Purpose Of The Study
- To elucidate the unifying mechanism by which adiponectin exerts its beneficial systemic effects.
- To investigate the role of adiponectin in regulating sphingolipid metabolism, specifically ceramide and sphingosine-1-phosphate (S1P) levels.
- To determine the impact of adiponectin signaling on apoptosis in pancreatic beta cells and cardiomyocytes.
Main Methods
- Assessed adiponectin's effect on ceramidase activity associated with AdipoR1 and AdipoR2 receptors.
- Utilized models of inducible apoptosis in pancreatic beta cells and cardiomyocytes.
- Examined the consequences of adiponectin and adiponectin receptor deficiency on sphingolipid levels and cell death.

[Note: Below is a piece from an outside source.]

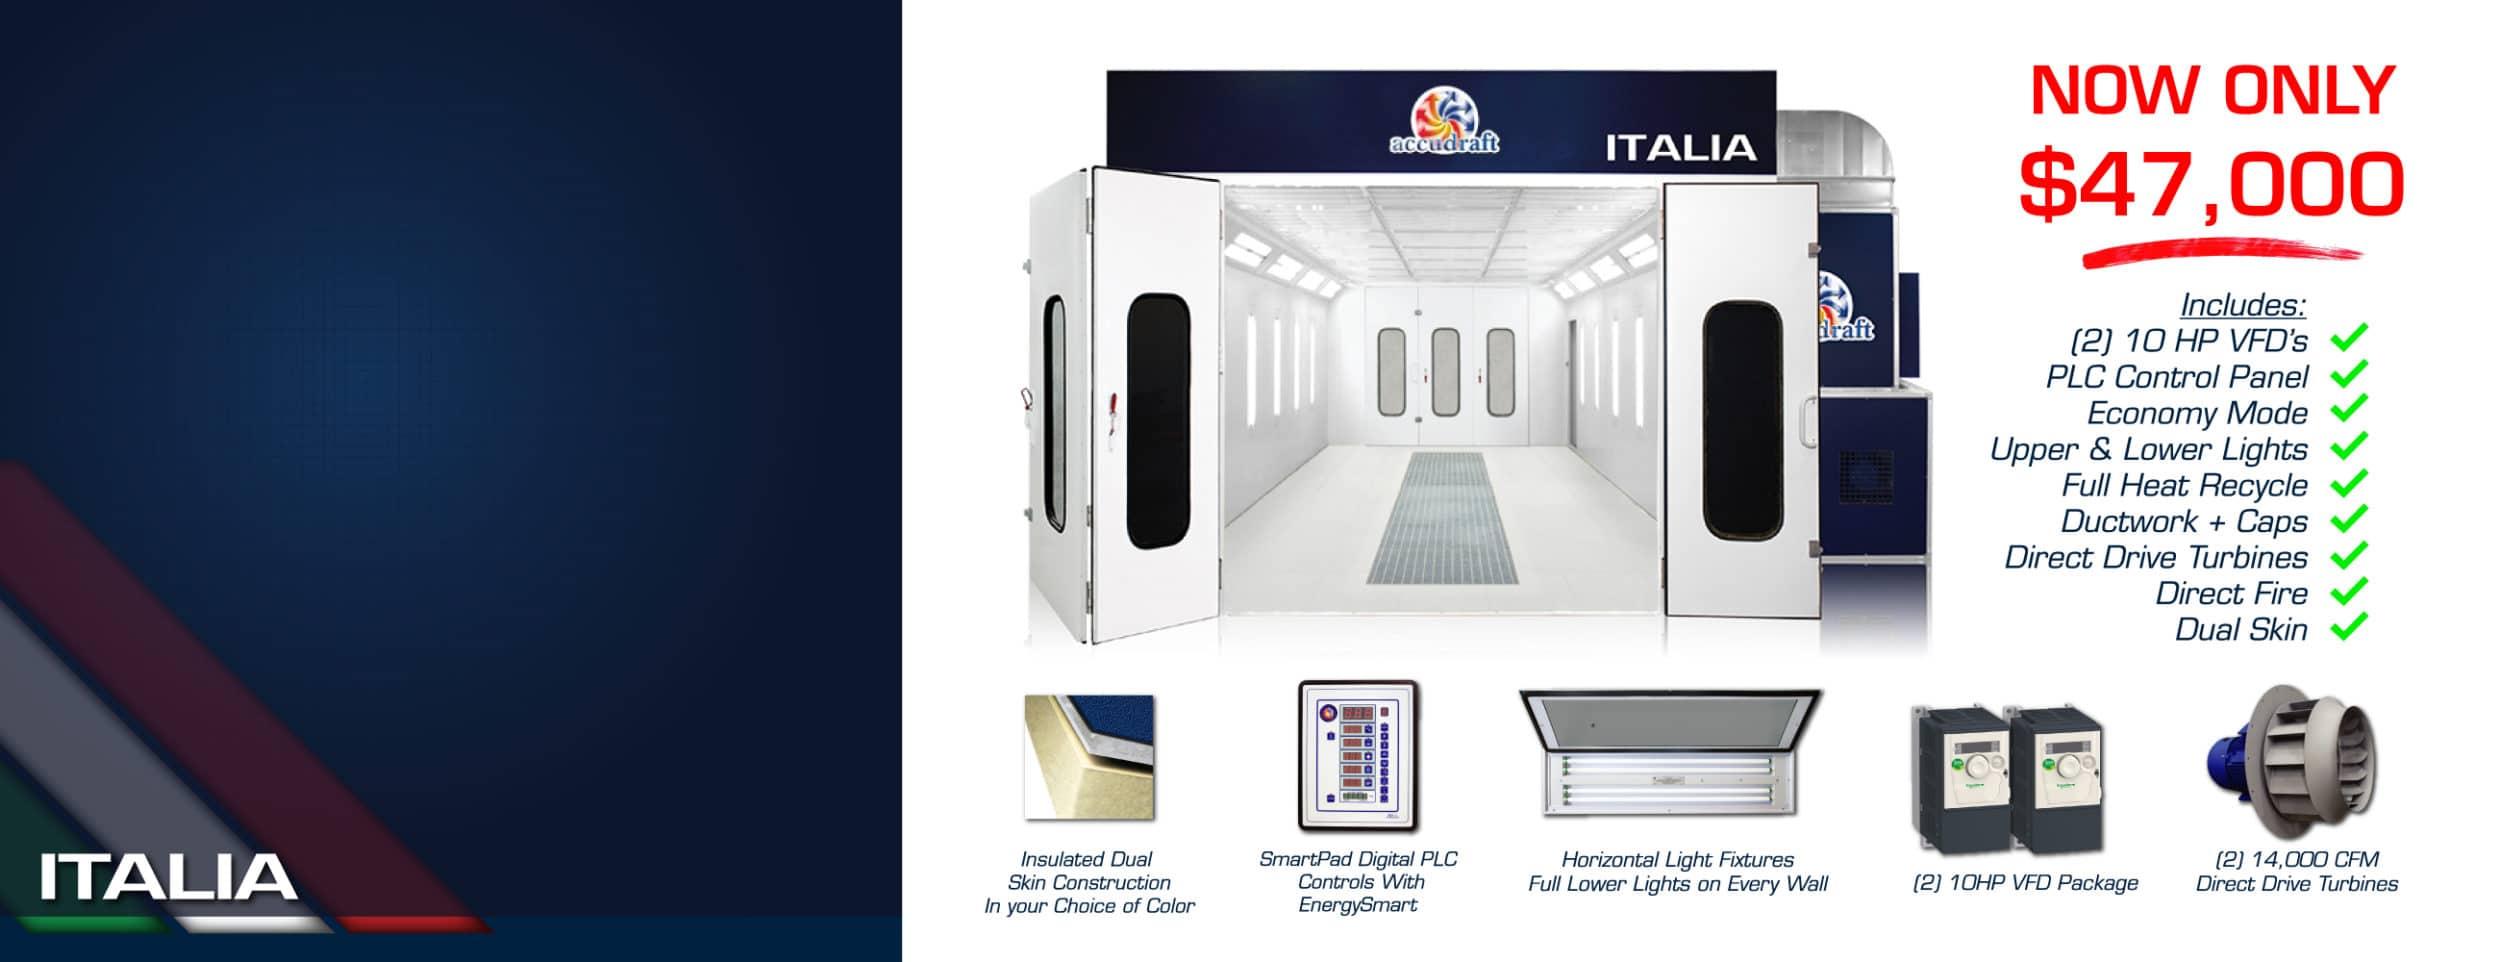 ITALIA-Paint Booth

- Investigated the role of AMP-dependent kinase (AMPK) in mediating adiponectin's effects.
Main Results
- Adiponectin potently stimulates ceramidase activity, enhancing ceramide breakdown and sphingosine-1-phosphate (S1P) formation, independent of AMPK.
- Transgenic adiponectin overexpression reduced caspase-8-mediated apoptosis in pancreatic beta cells and cardiomyocytes.

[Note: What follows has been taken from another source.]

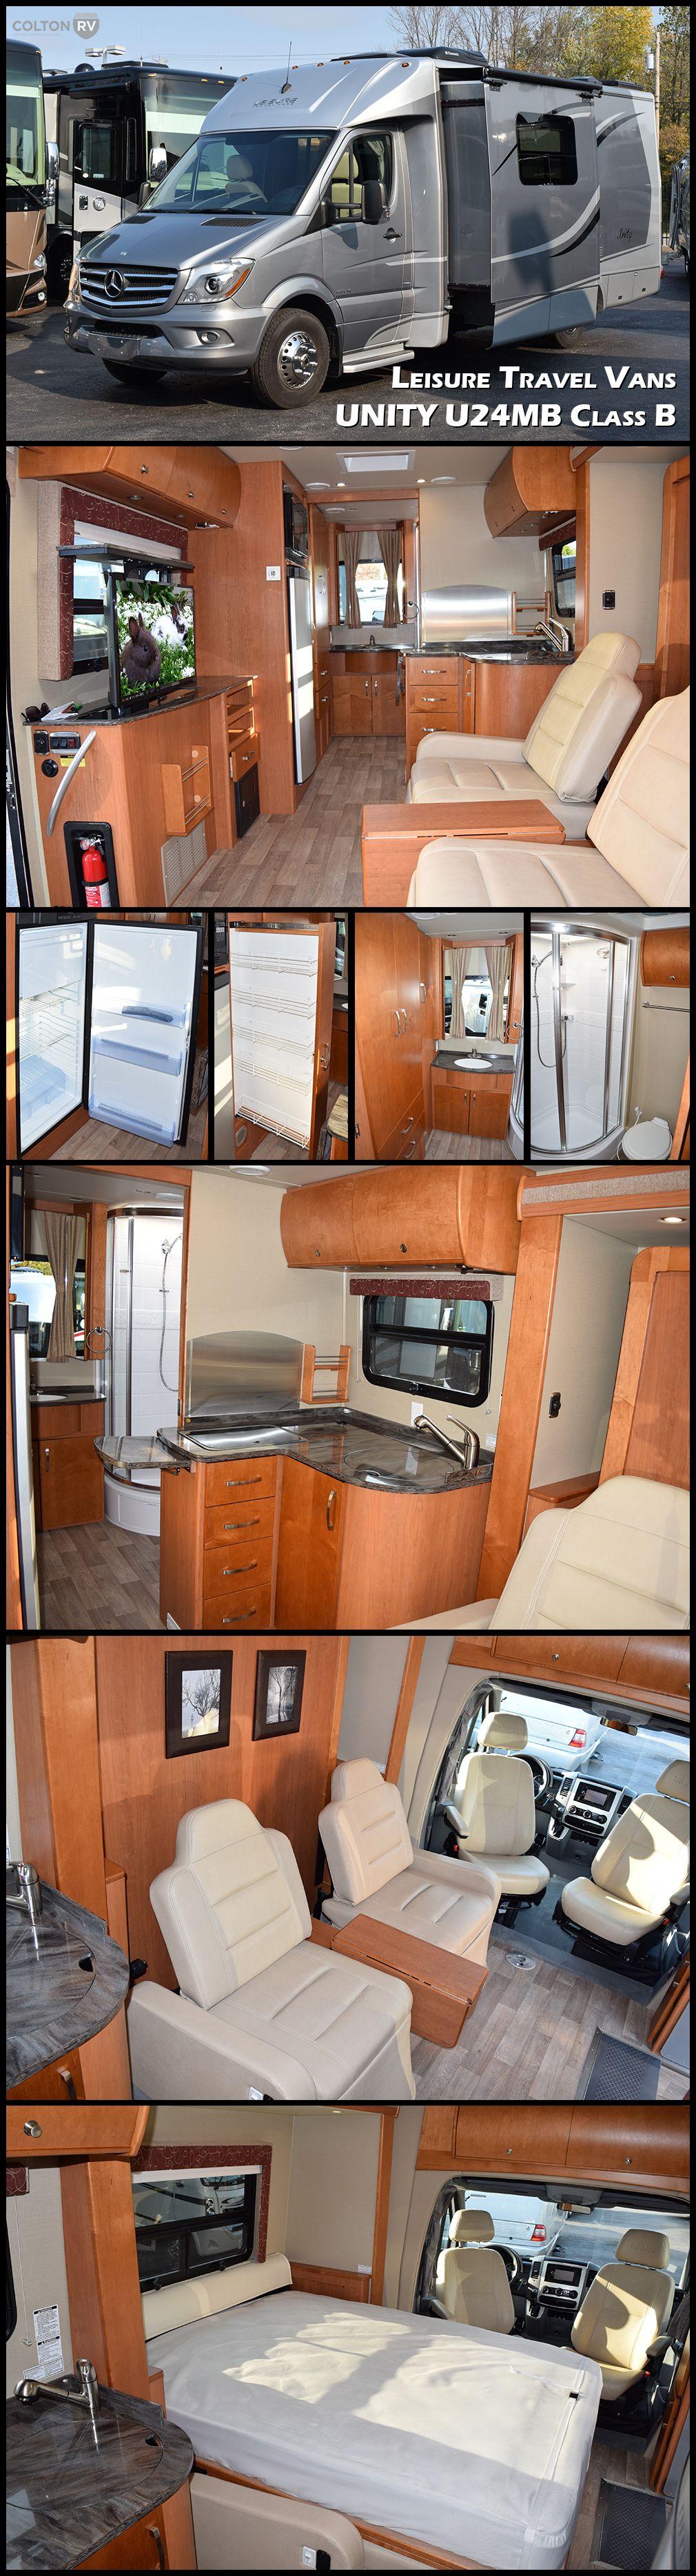 UNITY U24M by LEISURE TRAVEL VANS Class B Motorhome. The

- Genetic ablation of adiponectin increased in vivo apoptosis via a sphingolipid-dependent pathway.
- Loss of both adiponectin receptor isoforms impaired ceramidase activity, elevating ceramide and palmitate-induced cell death.
Conclusions
- Adiponectin's beneficial systemic effects are unified by its ability to stimulate sphingolipid metabolism via ceramidase activity.
- Adiponectin signaling enhances the formation of the anti-apoptotic metabolite sphingosine-1-phosphate (S1P).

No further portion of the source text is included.